I find myself puzzled by Woods’ first two minutes as, at the Mises Institute, everyone in his audience already knows and agrees with what he is saying. Is he there merely to massage their views, or is there more and meatier to come?

He does indeed move into a meatier area, and one with which I happen to be familiar – namely economic disparity in different social and ethnic groups. The PC (I detest the term so much that I shall not write it out again) view is that all inequalities are the result of oppression. In debunking this, Woods proceeds to quote data, case histories and examples that I have read in books by the great Thomas Sowell, and therefore I assume that Woods has read them also. (Actually I would assume that anyway, because not to have done so would have been negligent for someone like Woods.)

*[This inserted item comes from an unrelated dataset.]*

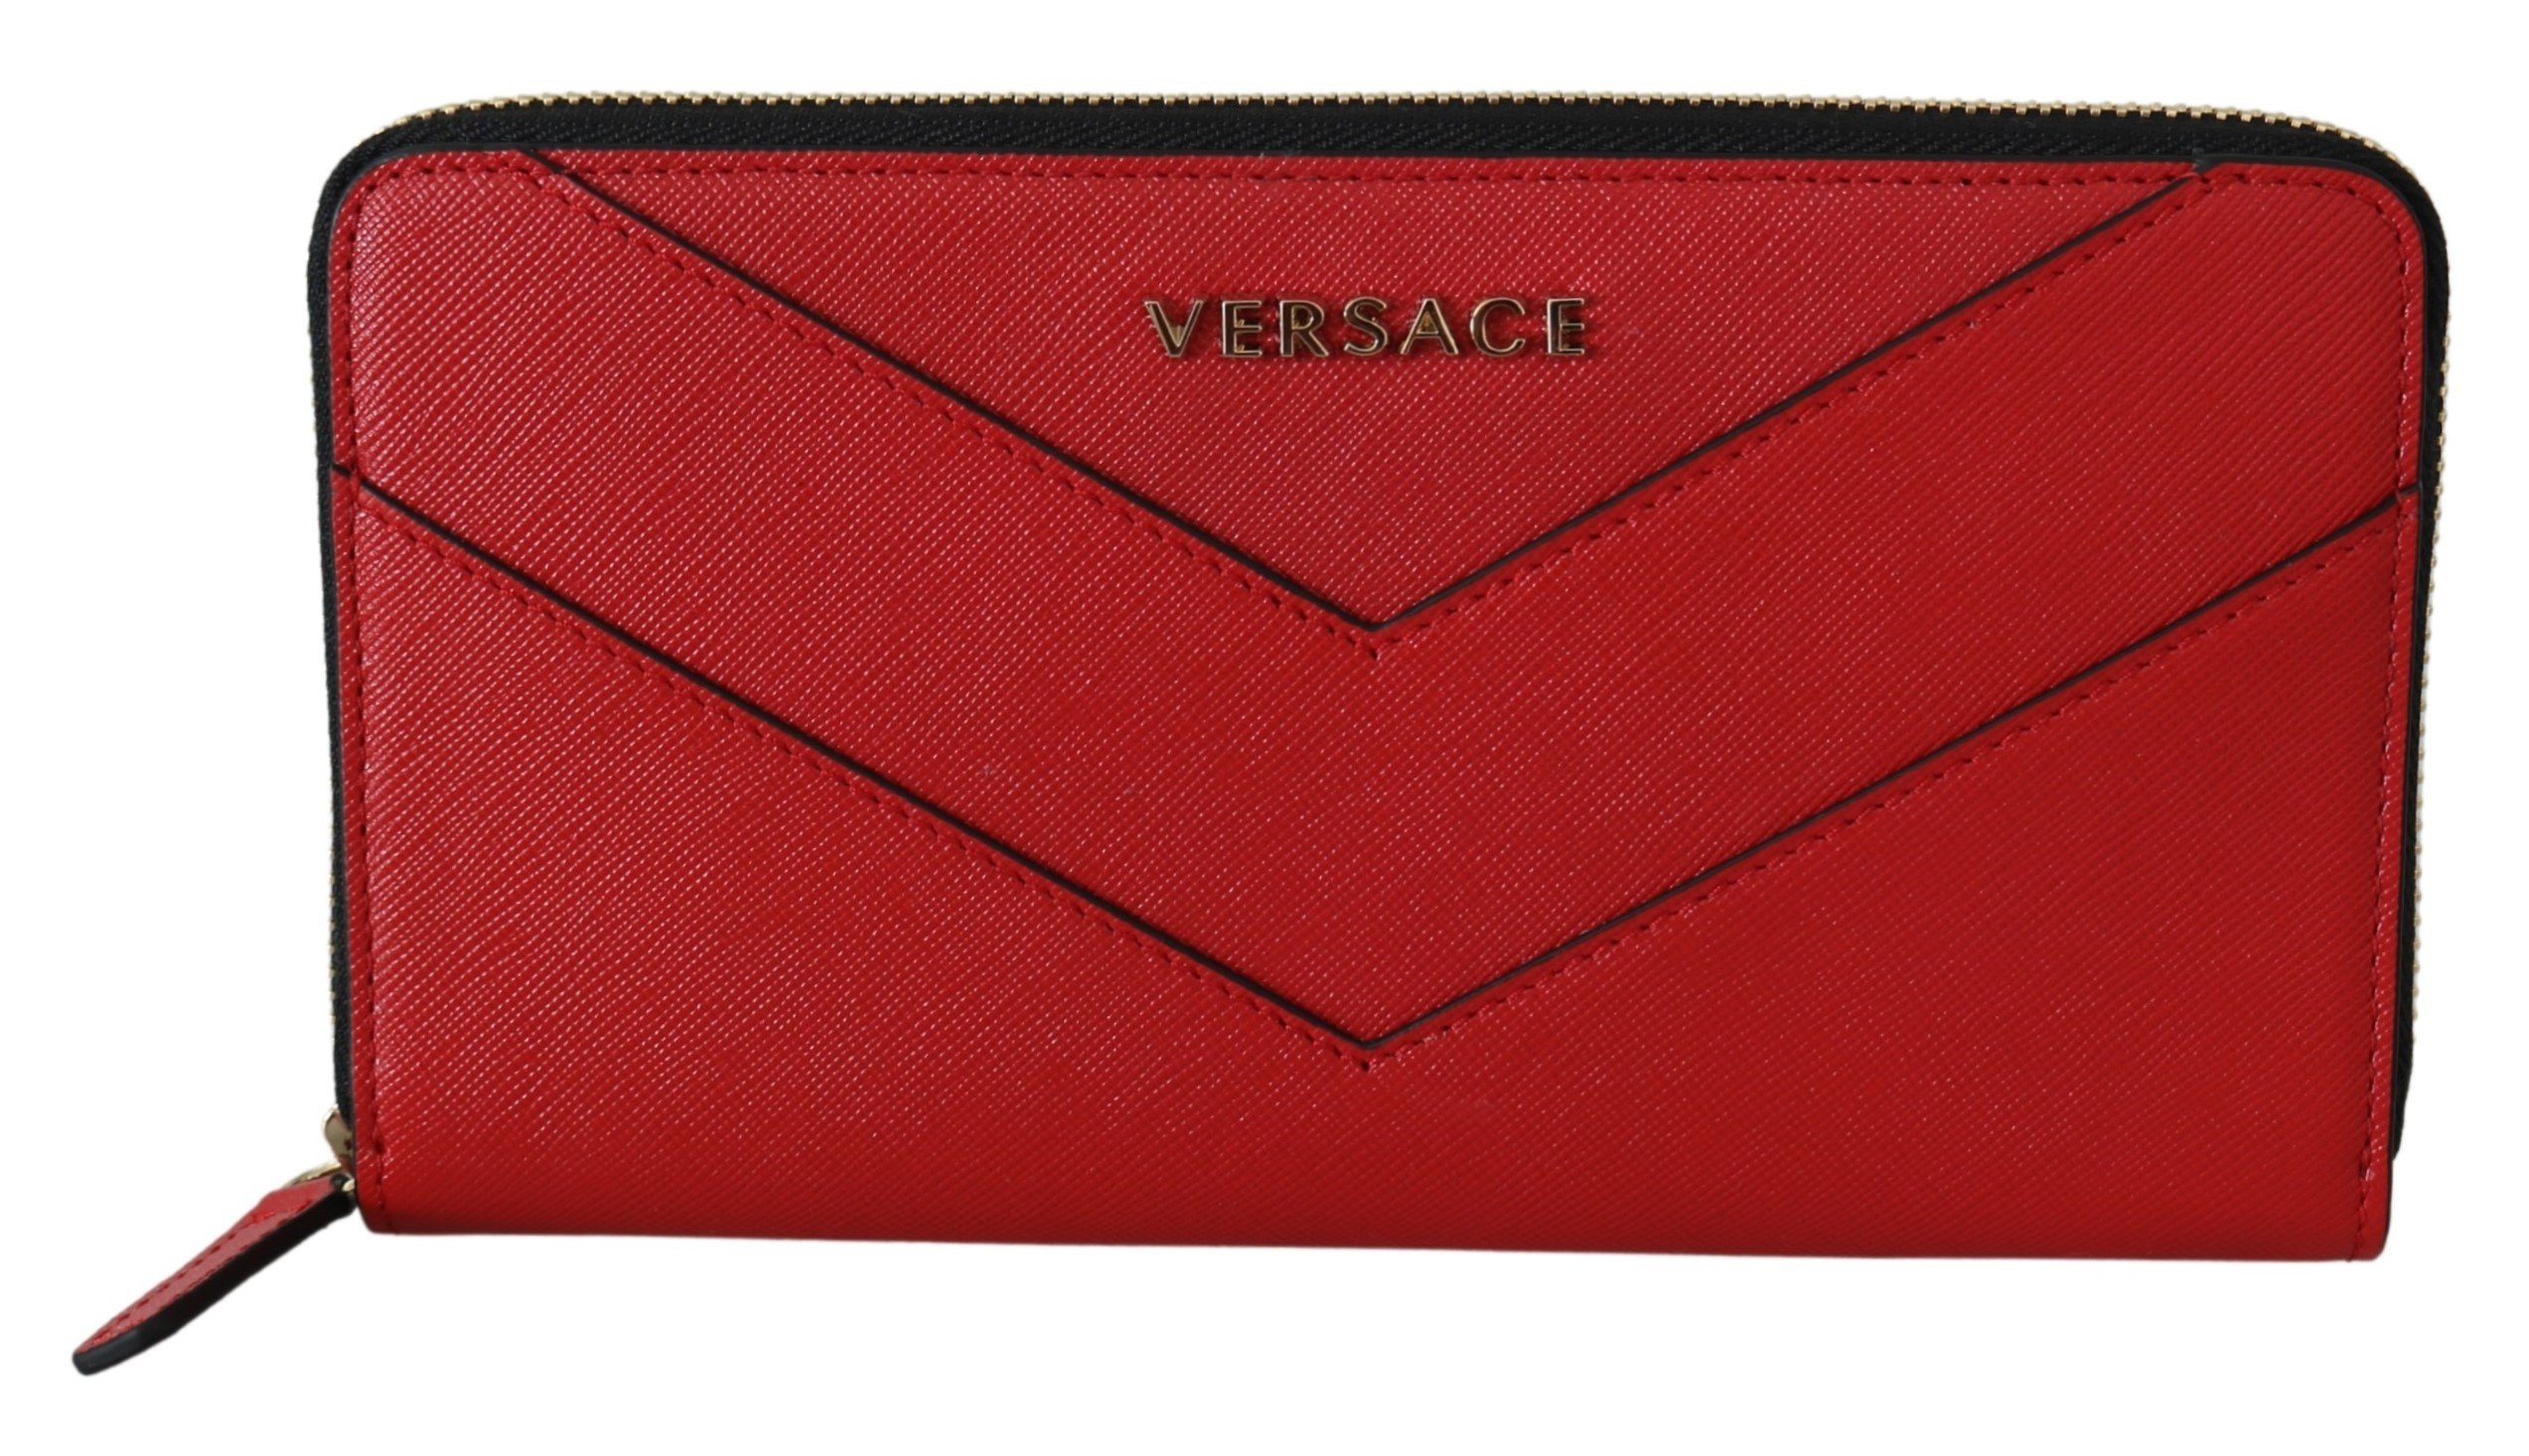 Versace Women's Zip Around Leather Wallet Red 8053850421251
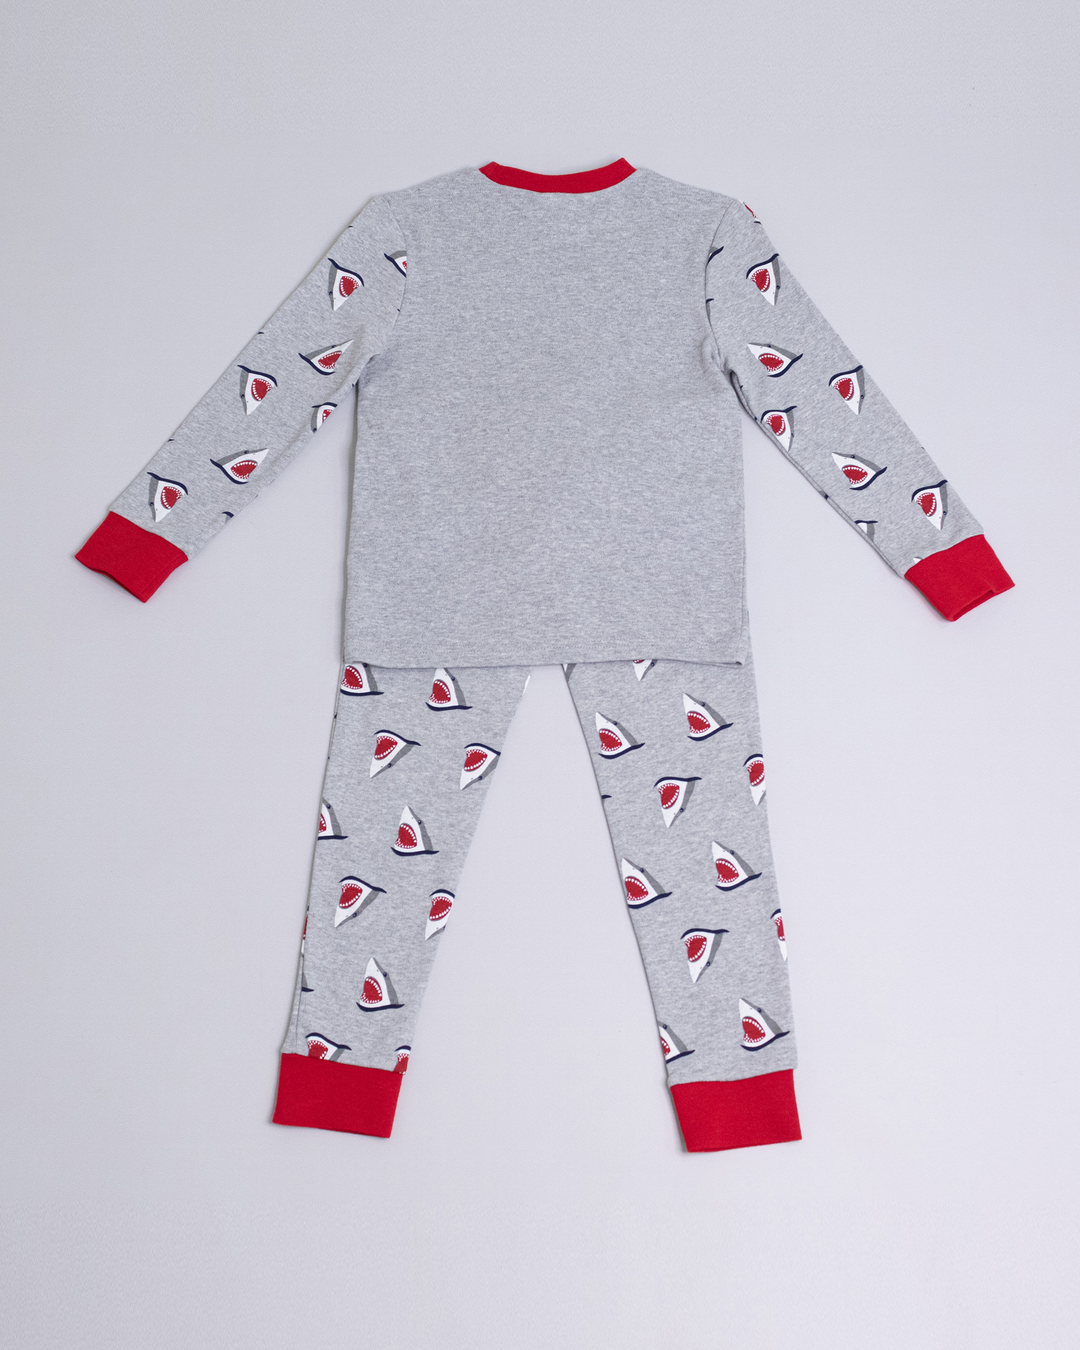 Pijama gris con gráfico de tiburón con detalles en el cuello, mangas y tobillos en rojo

At 7:40 Woods confirms my assumption by specifically naming Thomas Sowell.

Despite all this meaty data, I find the speech a disappointment. Perhaps because it told me nothing I didn’t happen already to know, but rather I feel my problem is what I’ve long called the ‘semi-memo issue’. Very many decades ago I wrote a memo to my then boss, neatly identifying a string of mistakes that I felt our organisation was making. I received a dry, though courteous reply, suggesting I had omitted the important half of my memo – the bit that suggested ways to remedy those mistakes. He was far too polished to put it this way, but his unmistakable message was that any half-wit can spot problems. What required ability was the finding of ways to solve them.

Woods begins his speech by complaining that PC permits no argument, substituting debate with cretinous name-calling at best and brutal violence at worst. Quite so. Today this insidious, malevolent, misanthropic malaise has infected in varying degrees the establishment, the civil service, academia, the media, and so on. If what I read of last week’s General Synod is to be believed we may even add the church to that sorry list. One could describe it as metastatic. It is as if Antonio Gramsci had personally orchestrated the campaign.

Woods’ missing half should surely concern itself with at least some semblance of a suggestion as to what can be done about it. Or perhaps that was lost in the topping and tailing of the video.